About this task: All lines from the one containing "Жена Целебровского Мария" through the final line of the listing below, and no others, must be returned exactly; no pictures belong in the copy.

Supplied data:
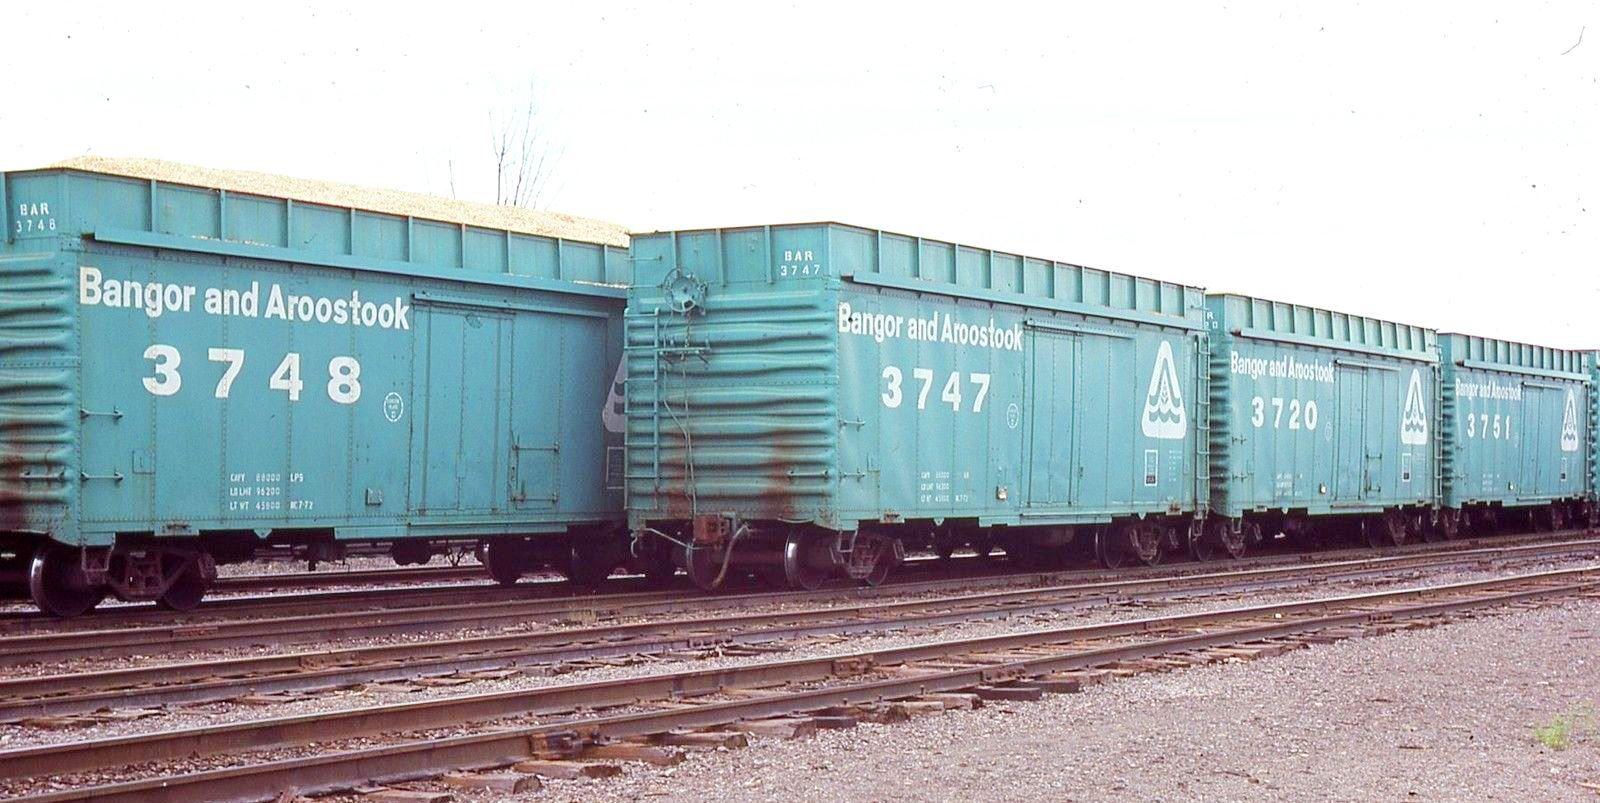 BAR wood chips ebay 1974 Vintage train, Train car, Model
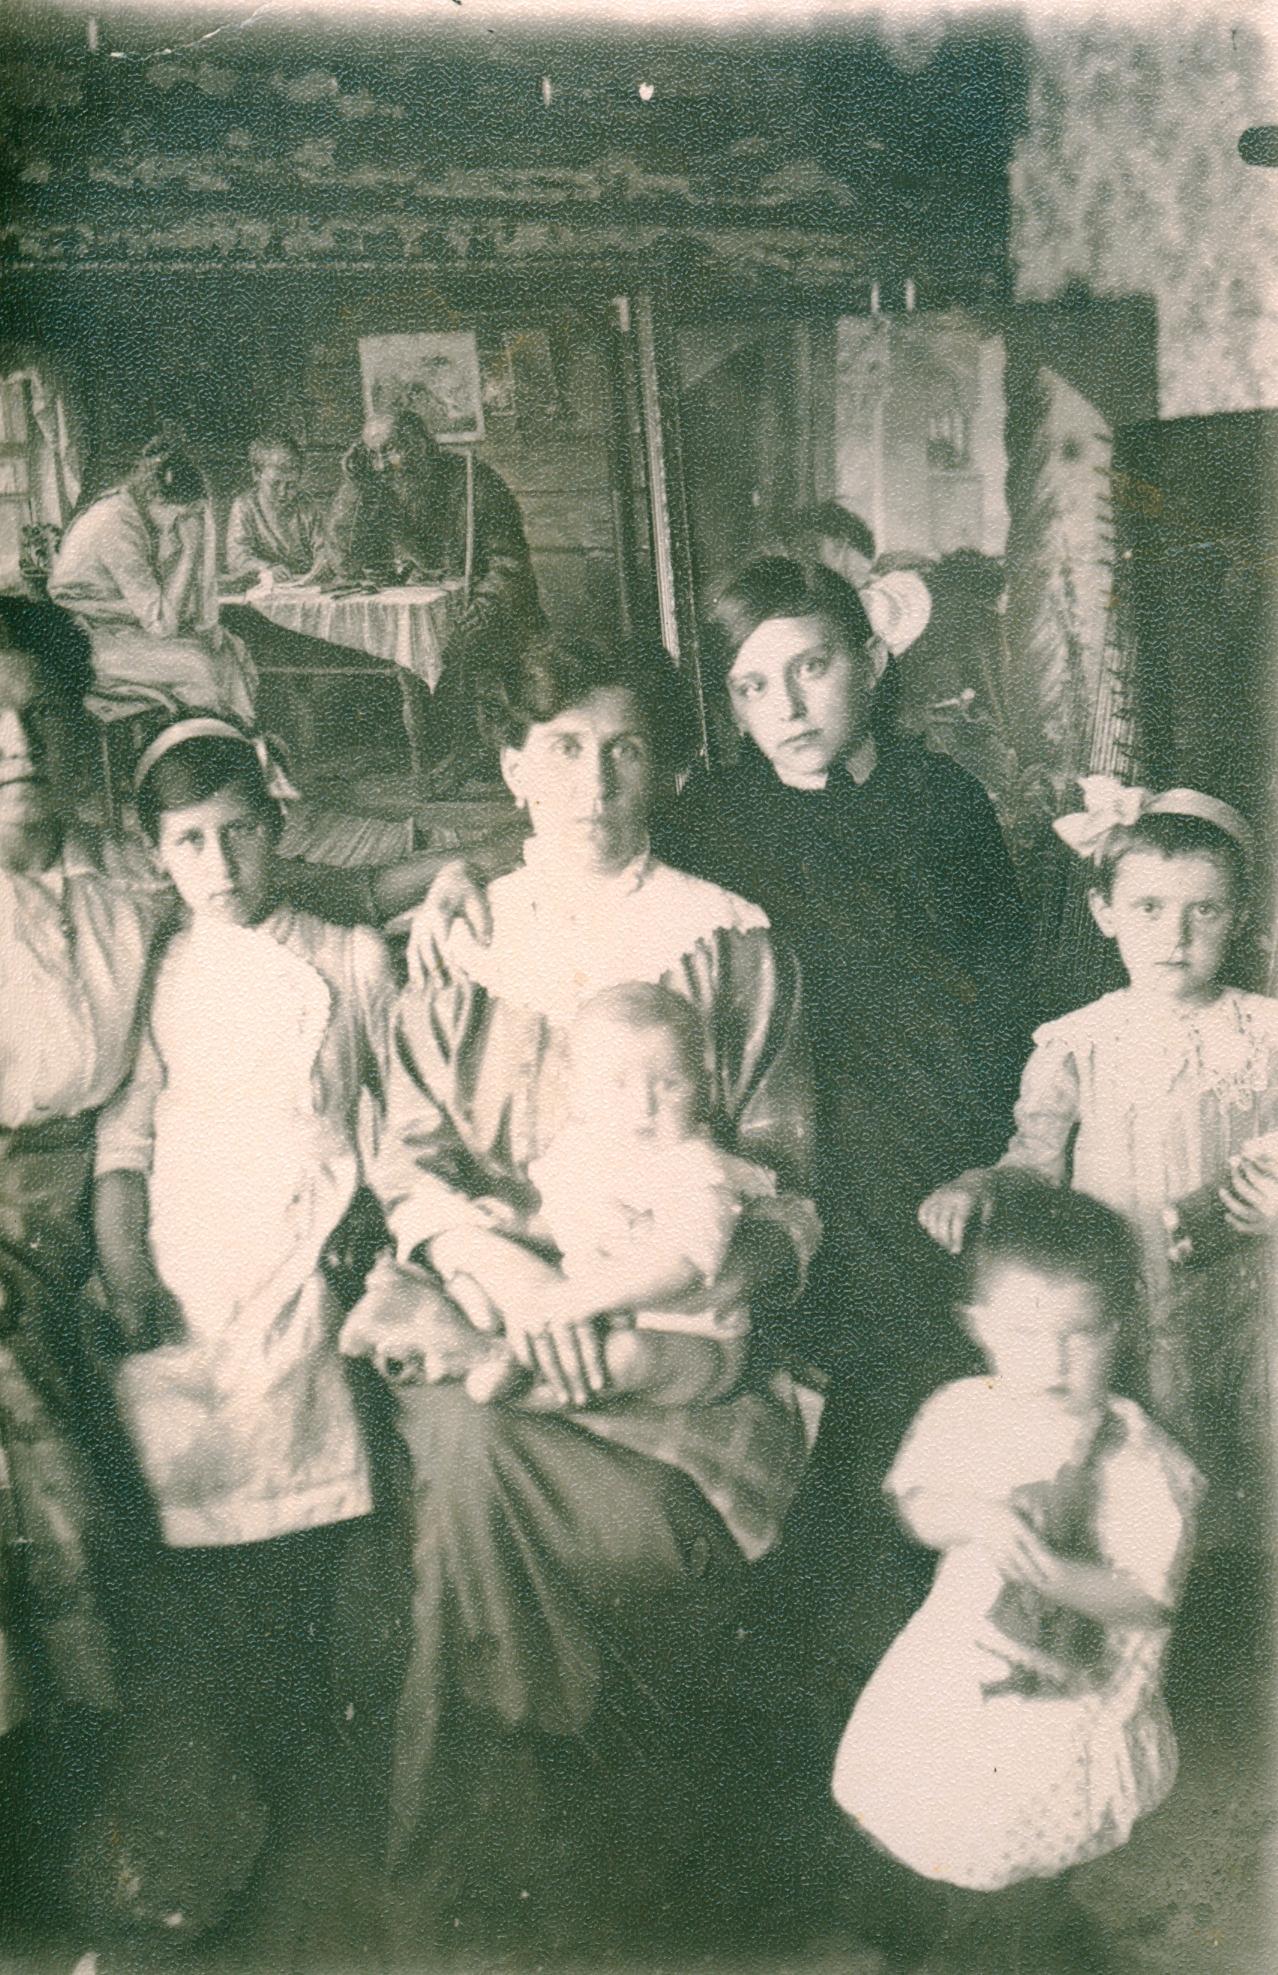 Жена Целебровского Мария Семеновна с детьми на фоне  картины «Печальные вести». Муром, 1900-е
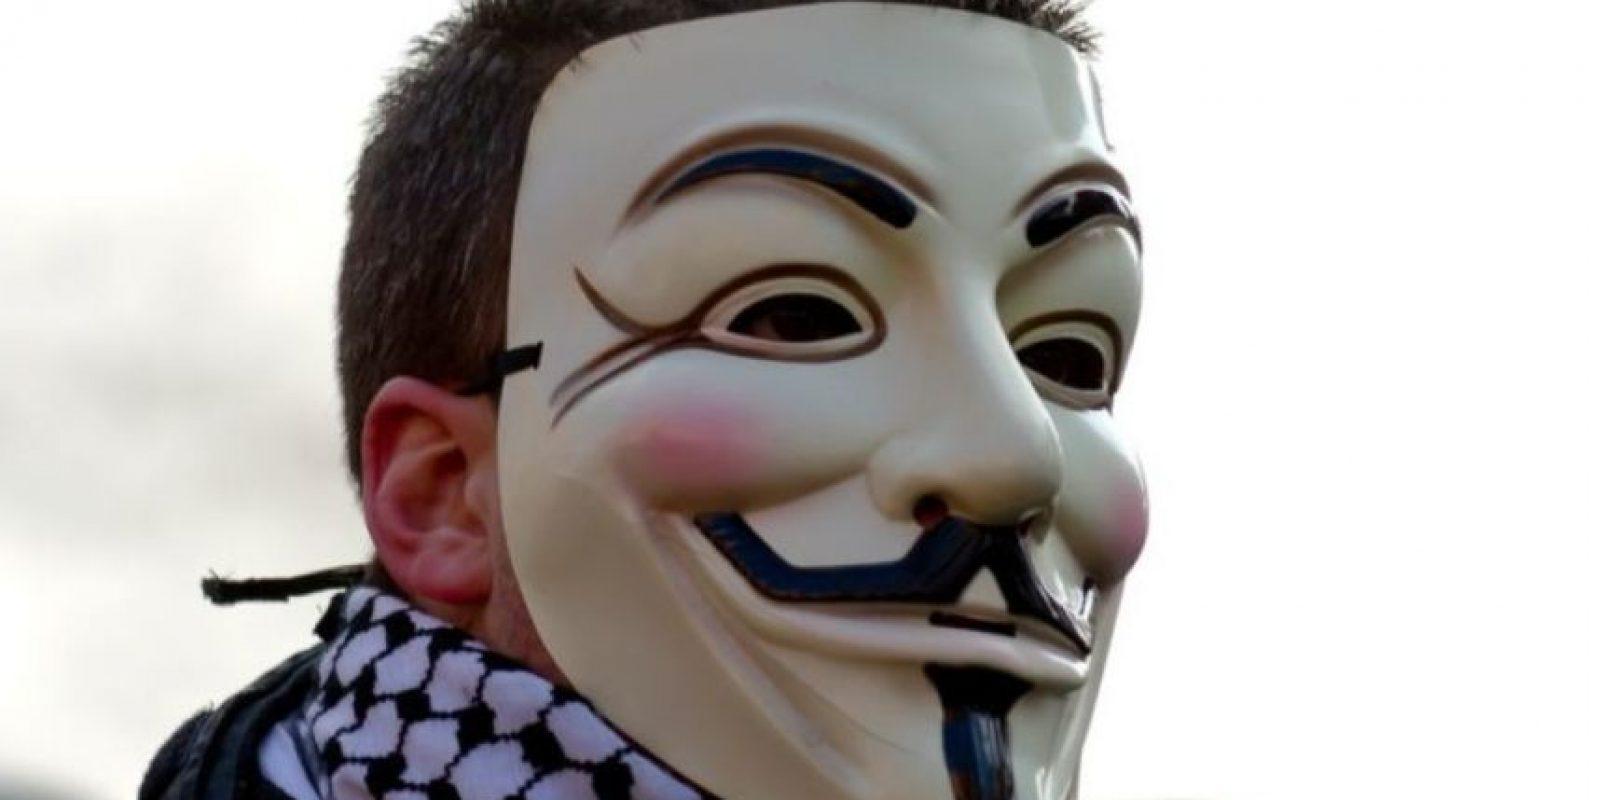 """Estos se autodenominan """"hacktivistas"""", o sea, hackers y activistas. Foto:Wikipedia Commons"""

Response box:
 Жена Целебровского Мария Семеновна с детьми на фоне  картины «Печальные вести». Муром, 1900-е
 """Estos se autodenominan """"hacktivistas"""", o sea, hackers y activistas. Foto:Wikipedia Commons"""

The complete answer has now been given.